Updates on Transvaginal Mesh Dangers
- JAN. 2012 FDA TO RECLASSIFY MESH: The FDA is considering moving transvaginal mesh implants to a higher class of device classification, which is reserved for the most risky of medical devices.
- JAN. 2012 FDA DEMANDS FURTHER TESTING: The FDA mandated that several transvaginal mesh manufacturers must immediately conduct testing of the device’s risk to women. If TVM makers had conducted post-market testing from the beginning, they might have prevented so many women from suffering terrible complications.
- DEC. 2011 EXPERTS LIMIT USE OF MESH IMPLANT: The Committee on Gynecologic Practice has called for doctors to limit the use of transvaginal mesh patches for the repair of POP. This recommendation is based on the high number of painful and serious complications suffered by women who have received the implant. For most women, the benefits are not believed to be worth the risks of transvaginal mesh implants.
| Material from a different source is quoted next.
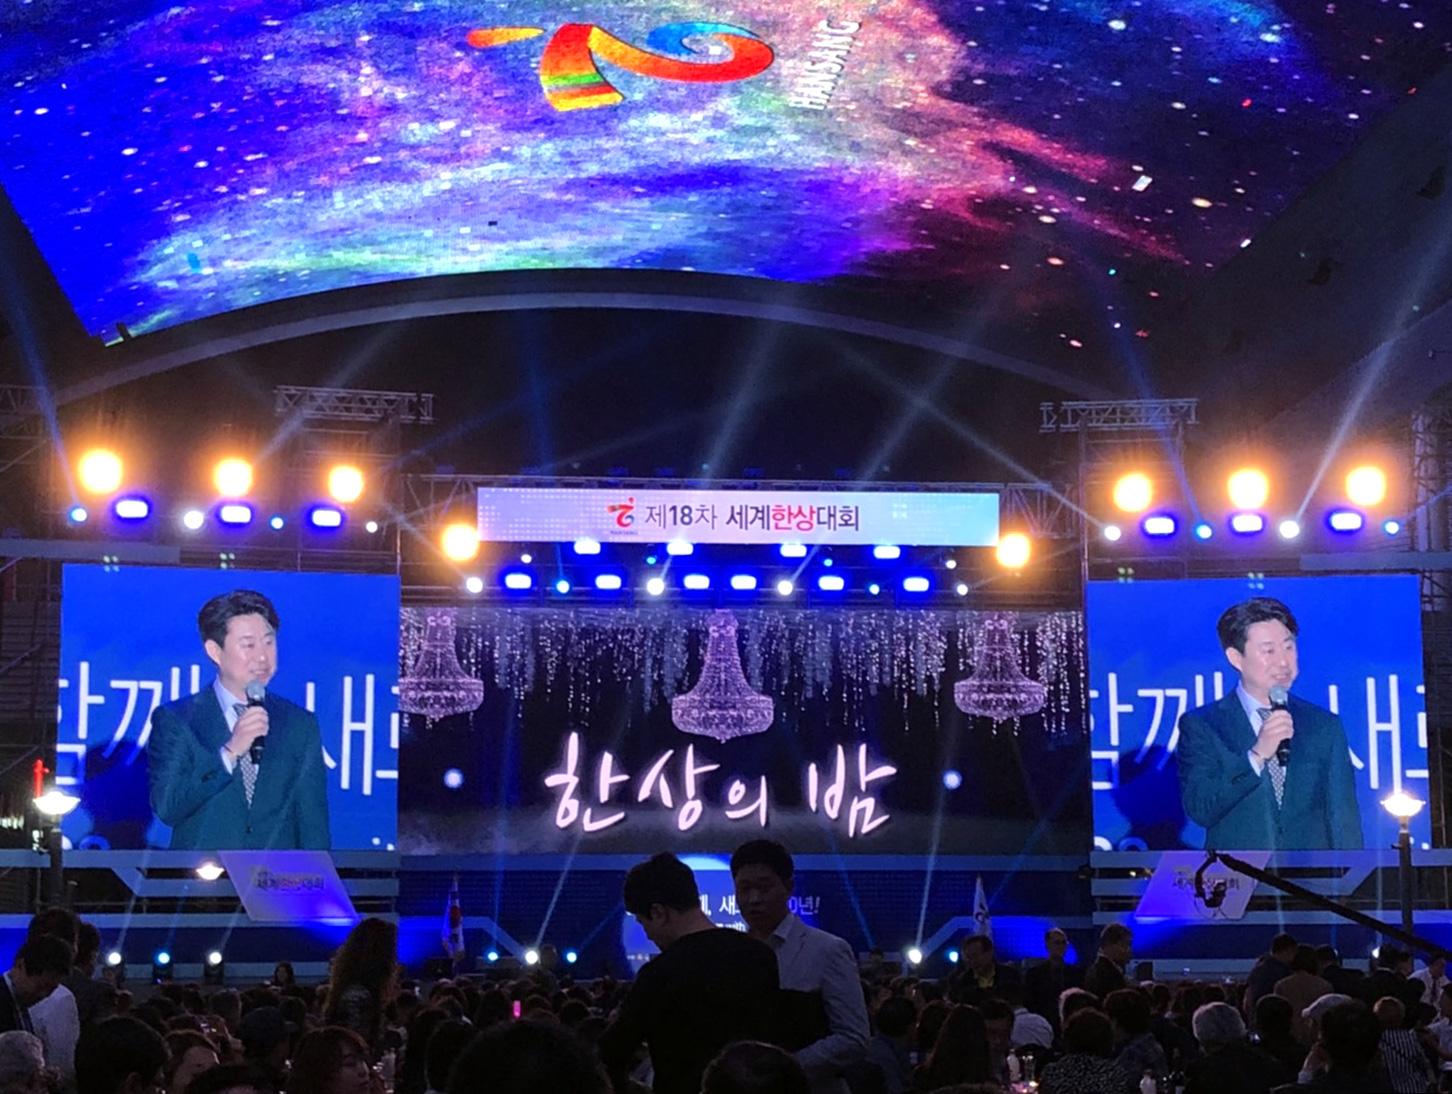 20191025_WorldKoreanBusinessConvention_001

- JULY 2011 FDA WARNING: An FDA Safety Alert warned that serious complications associated with the surgical mesh patches are not rare. The Agency announced that the surgical mesh treatment of pelvic organ prolapse may be no more effective than the traditional non-mesh repair, in addition to posing greater risks for the patient. Learn more about a Transvaginal Mesh Lawsuit.
What the Transvaginal Mesh Patch Does
Often, a significant stretching, such as childbirth, may have damaged the tissue of the vaginal wall. The patch is implanted to support internal organs that were once held up by the vaginal wall.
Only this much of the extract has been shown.